Stably unactivated neurons in ReLU neural networks
Natalie Brownlowe, Christopher R. Cornwell, Ethan Montes, Gabriel Quijano, Grace Stulman, Na Zhang
TL;DR
This work analyzes how architecture and random symmetric initialization affect the expressiveness of ReLU networks by studying stably unactivated neurons, i.e., hidden neurons whose activations remain zero under small parameter perturbations. Using the geometry of hyperplane arrangements induced by the first layer, the authors derive exact probabilities for a second-layer neuron to be stably unactivated: $\frac{1}{2^{n_1+1}}$ when $n_1\le n_0$, and $\frac{2^{n_0}+1}{4^{n_0+1}}$ when $n_1=n_0+1$. They further propose a conjecture for the case $n_1>n_0+1$, supported by computational evidence, and outline a broader conjectural picture for large $n_1$ with a lower bound on the probability in terms of $n_0$. These results connect stochastic initialization with the deterministic geometry of hyperplane partitions to quantify how dead or stably inactive neurons constrain the functional dimension and expressiveness of neural networks.
Abstract
The choice of architecture of a neural network influences which functions will be realizable by that neural network and, as a result, studying the expressiveness of a chosen architecture has received much attention. In ReLU neural networks, the presence of stably unactivated neurons can reduce the network's expressiveness.
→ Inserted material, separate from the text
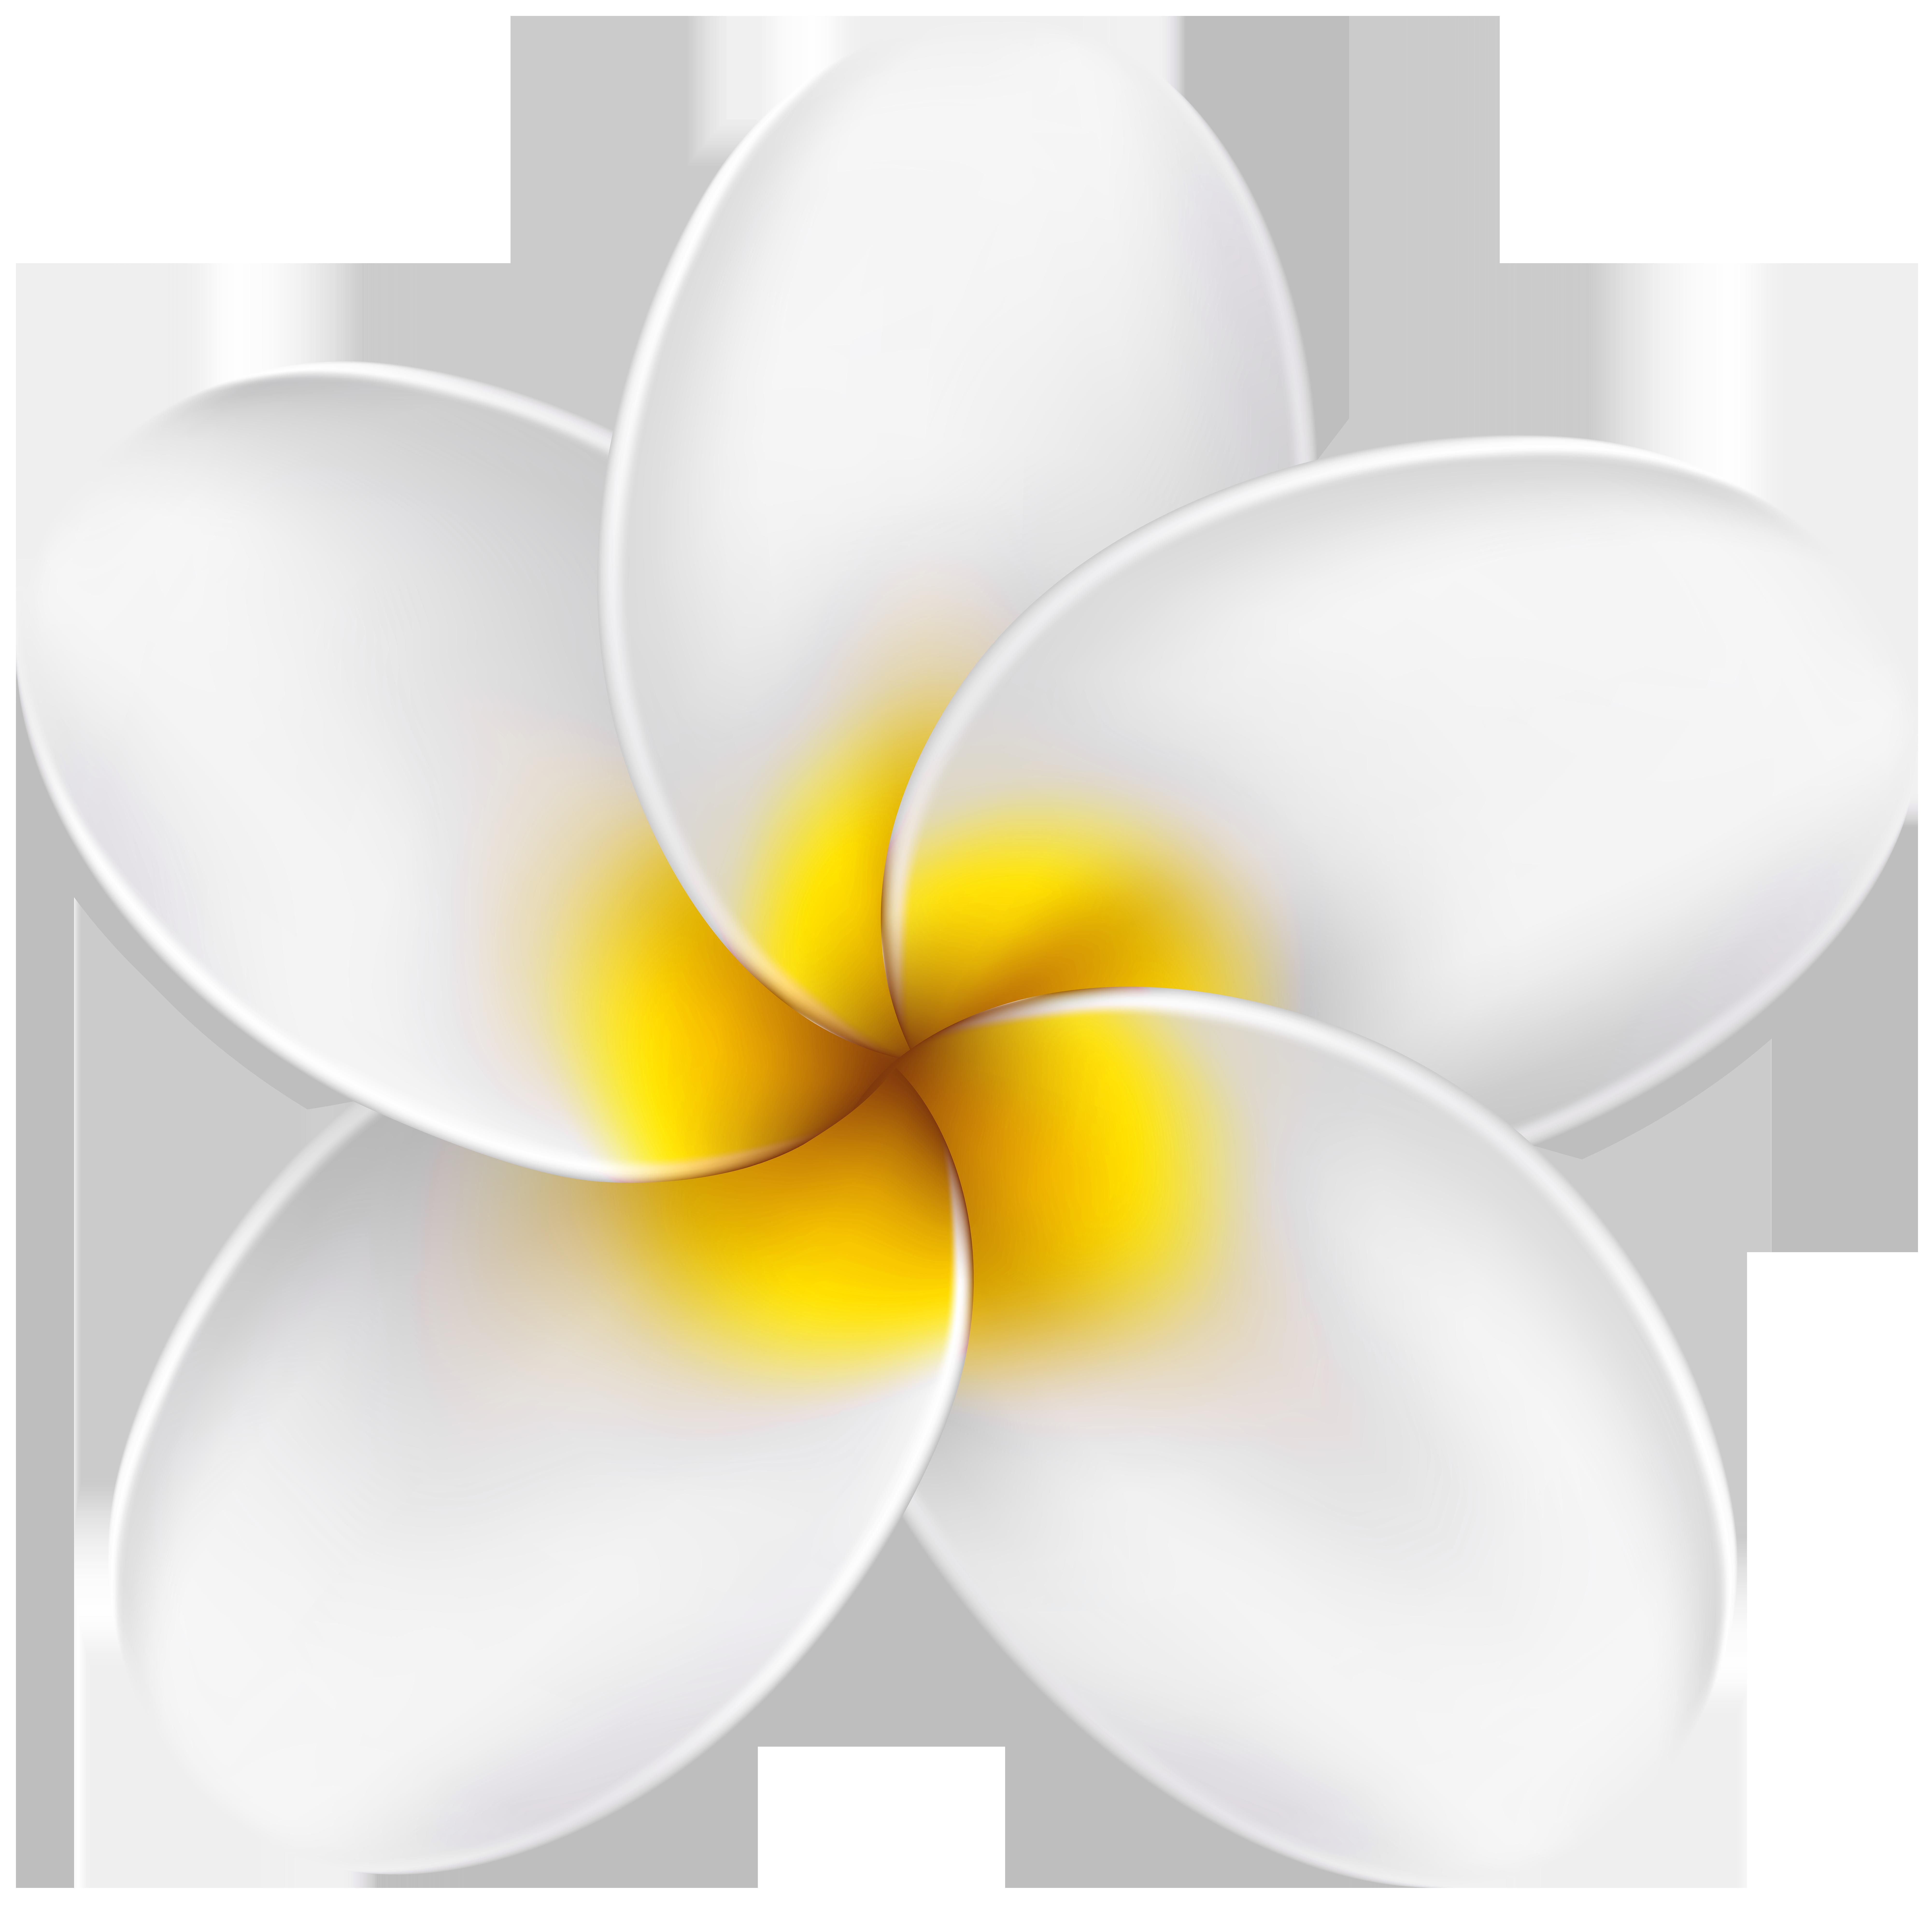 Flower clipart tropical. Clip art png image

In this work, we investigate the probability of a neuron in the second hidden layer of such neural networks being stably unactivated when the weights and biases are initialized from symmetric probability distributions. For networks with input dimension $n_0$, we prove that if the first hidden layer has $n_0+1$ neurons then this probability is exactly $\frac{2^{n_0}+1}{4^{n_0+1}}$, and if the first hidden layer has $n_1$ neurons, $n_1 \le n_0$, then the probability is $\frac{1}{2^{n_1+1}}$. Finally, for the case when the first hidden layer has more neurons than $n_0+1$, a conjecture is proposed along with the rationale. Computational evidence is presented to support the conjecture.